Describe the presentation of Hepatitis A

Answer 38

Cholestasis:
1. Dark urine
2. Pale stool

Question 39

Describe the management of Hepatitis A

Answer 39

1. Resolves spontaneously in 1-3 months
2. Basic analgesia
3. Vaccination

Question 40

Describe the pathophysiology of Hepatitis B

Answer 40

DNA virus conducted via blood or bodily fluids, or via vertical transmission from mother to fetus

Question 41

Describe the viral markers for Hepatitis B

Answer 41

HBsAg - signifies active infection
Anti-HBc - signifies previous infection
Anti-HBs - signifies immunity
Viral load - to assess extent of infection

Question 42

What pattern of viral markers would be seen in acute/chronic Hepatitis B infection?

Answer 42

+ve HBsAg

Chronic Hep B have symptoms for >6 months

Question 43

What pattern of viral markers would be seen in previous Hepatitis B infection?

Answer 43

+ve HBcAg

Question 44

What pattern of viral markers would be seen in previous Hepatitis B infection if now a carrier?

Answer 44

+ve Anti-HBc
+ve HBsAg

Question 45

What pattern of viral markers would be seen in previous Hepatitis B vaccination?

Answer 45

+Anti-HBs

Question 46

Give the management of Hepatitis B

Answer 46

Most recover within 2 months, but 10% become chronic carriers

1. Screen for other blood-borne or sexually transmitted infections
2. Notify public health
3. Fibroscan - for cirrhosis
4. Antivirals
5. Liver transplant

Question 47

Give the management of Hepatitis C

Answer 47

1. Notify public health
2. Stop smoking and drinking alcohol
3. USS and fibroscan
4. Direct acting antivirals
5. Liver transplant

Question 48

Give the risks of hepatitis C

Answer 48

Hepatocellular carcinoma

Cirrhosis

Question 49

Describe hepatitis D

Answer 49

Can only exist alongside hepatitis B, but increases it’s severity

Question 50

Describe hepatitis E

Answer 50

Very mild, self-limiting illness which requires no treatment.

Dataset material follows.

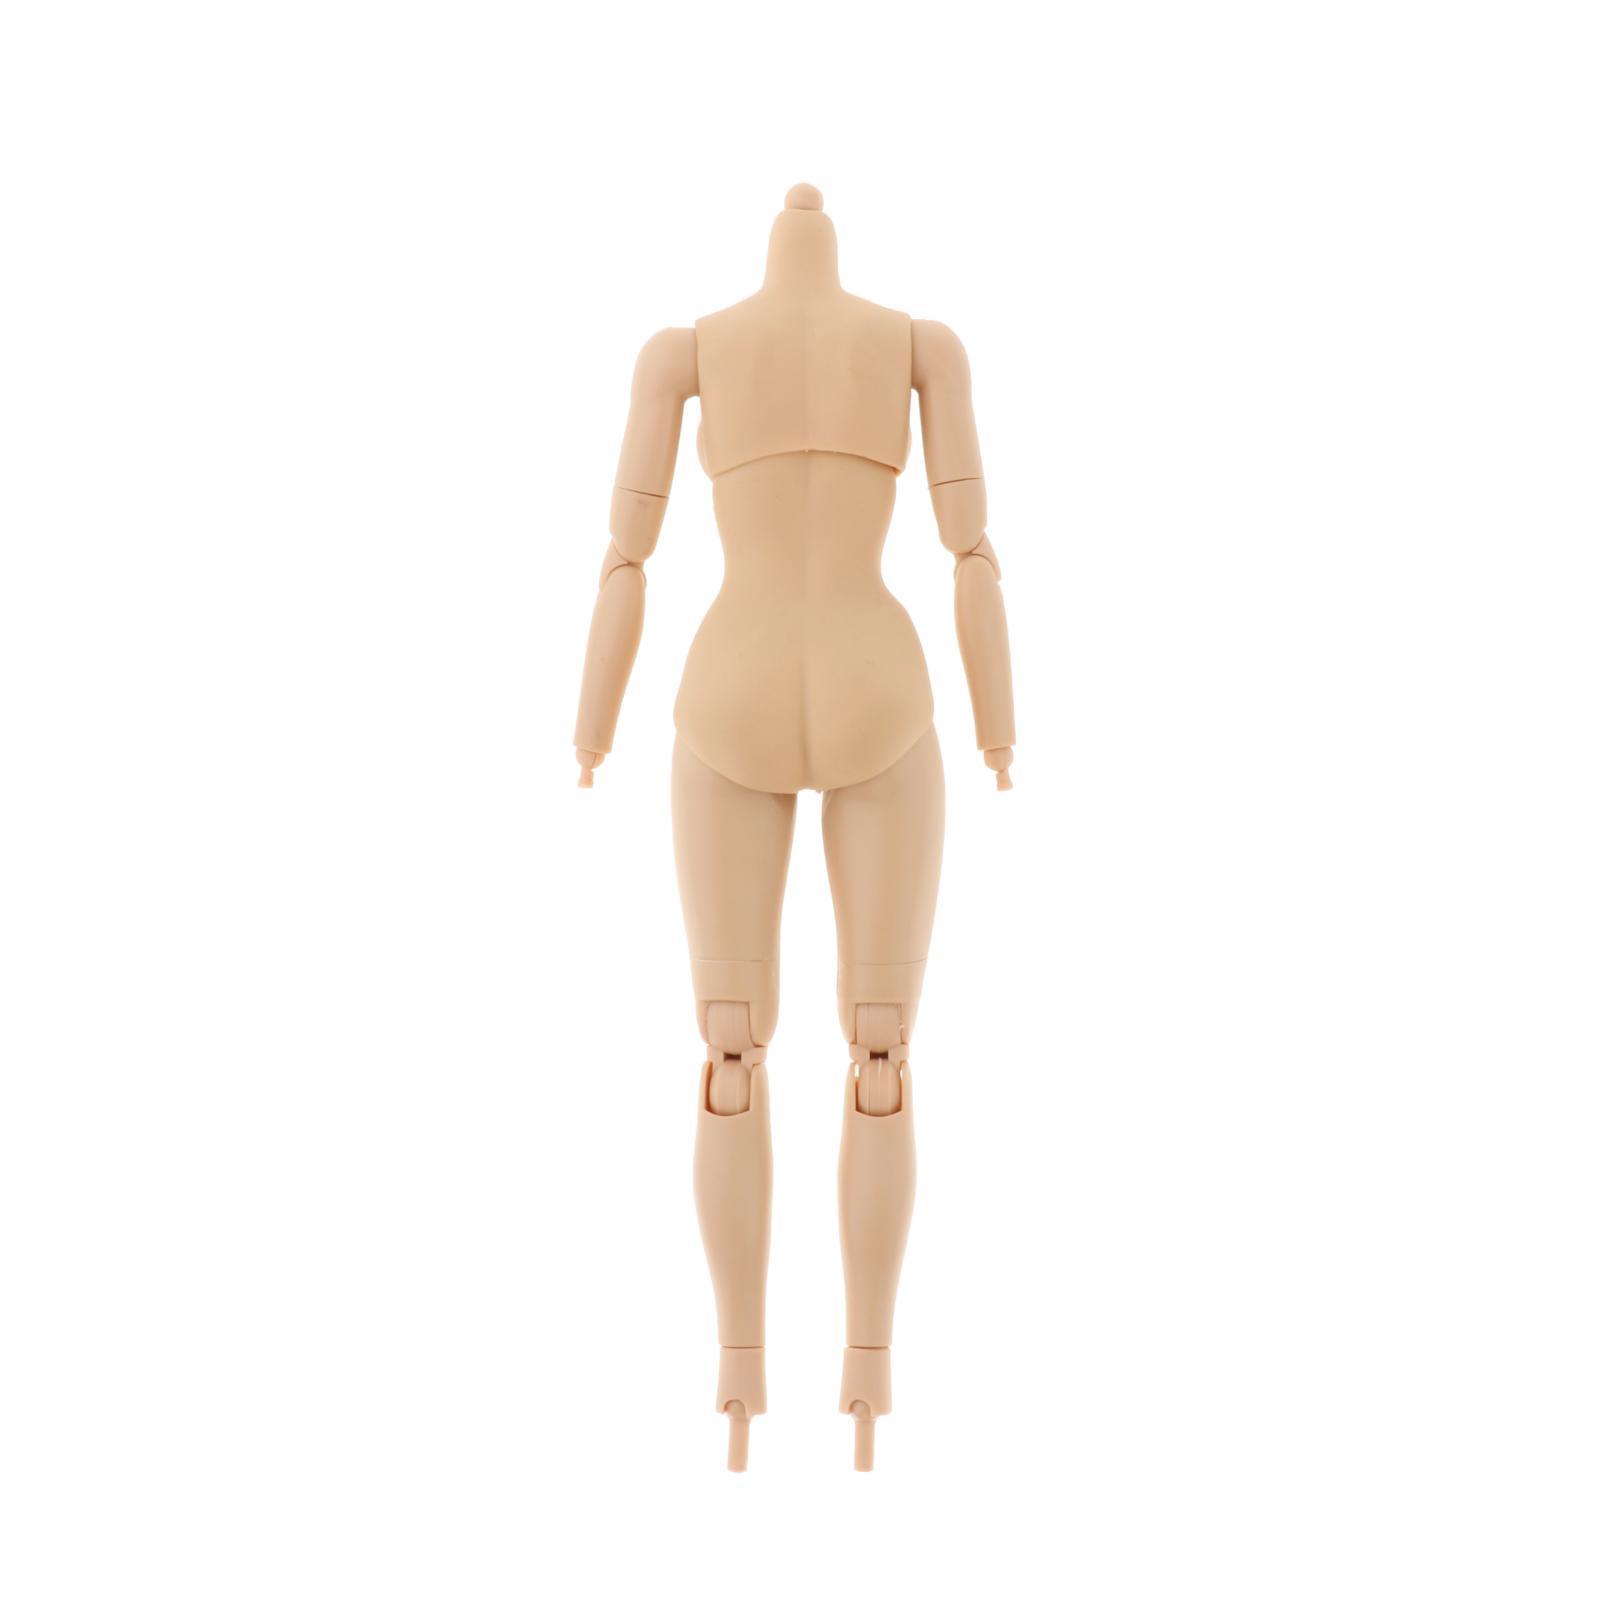 miniature 11 - 1/6 Scale Female Flexible Body 12 Inches Action Figure Body Seamless Figure

If immunocompromised may progress to hepatitis and liver failure.

Question 51

Describe autoimmune hepatitis

Answer 51

Type 1: seen in adults, associated with ANA, anti-actin and anti-SLA

Type 2: see in children, associated with anti-LKM, anti-LC

Diagnose with biopsy

Manage with prednisolone and azathioprine

Question 52

Describe haemochromatosis

Answer 52

Iron storage disorder resulting in excess total iron with resultant deposition in tissues.

Question 53

Describe the inheritance pattern seen in haemochromatosis

Answer 53

Autosomal recessive

Question 54

Describe the presentation of haemochromatosis

Answer 54

1. Age >40
2. Chronic tiredness
3. Joint pain
4. Hair loss
5. Erectile dysfunction
6. Amenorrhoea
7. Memory/mood disturbance
8. Bronze skin pigmentation

Question 55

Describe the diagnosis of haemochromatosis

Answer 55

1. Serum ferritin and transferrin raised
2. Genetic testing
3. Liver biopsy using Perl’s stain
4. CT/MRI

Question 56

Describe the complications of haemochromatosis

Answer 56

1. T1DM
2. Liver cirrhosis
3. Hypothyroidism
4. Cardiomyopathy
5. Hepatocellular carcinoma
6. Pseudogout

Question 57

Give the management of haemochromatosis

Answer 57

1. Venesection. (decreases total iron)
2. Monitor serum ferritin
3. Avoid alcohol

Question 58

Describe Wilson’s disease

Answer 58

Excessive accumulation of copper as a result of the mutation in the ‘Wilson disease protein’

Question 59

Describe the inheritance pattern seen in Wilson’s disease

Answer 59

Autosomal recessive

Question 60

Describe the presentation of Wilson’s disease

Answer 60

Hepatic: hepatitis and cirrhosis

CNS: dysarthria, dystonia, Parkinsonism

Psychiatric: depression, psychosis

Kayser-Fleischer rings
Haemolytic anaemia
Osteopenia
Renal tubular acidosis

Question 61

Describe the diagnosis of Wilson’s disease

Answer 61

Serum caeruloplasmin - the protein which carries copper in the blood, would be low

Liver biopsy

Serum copper

Question 62

Give the management of Wilson’s disease

Answer 62

Copper chelation therapy:
1. Penicillamine
2. Trientene

Risk of developing psychosis secondary to Wilson’s

Question 63

Give the pathophysiology of alpha-1 antitrypsin deficiency

Answer 63

Alpha-1 antitrypsin normally inhibits elastase (produced by neutrophils) which breaks down elastic tissues.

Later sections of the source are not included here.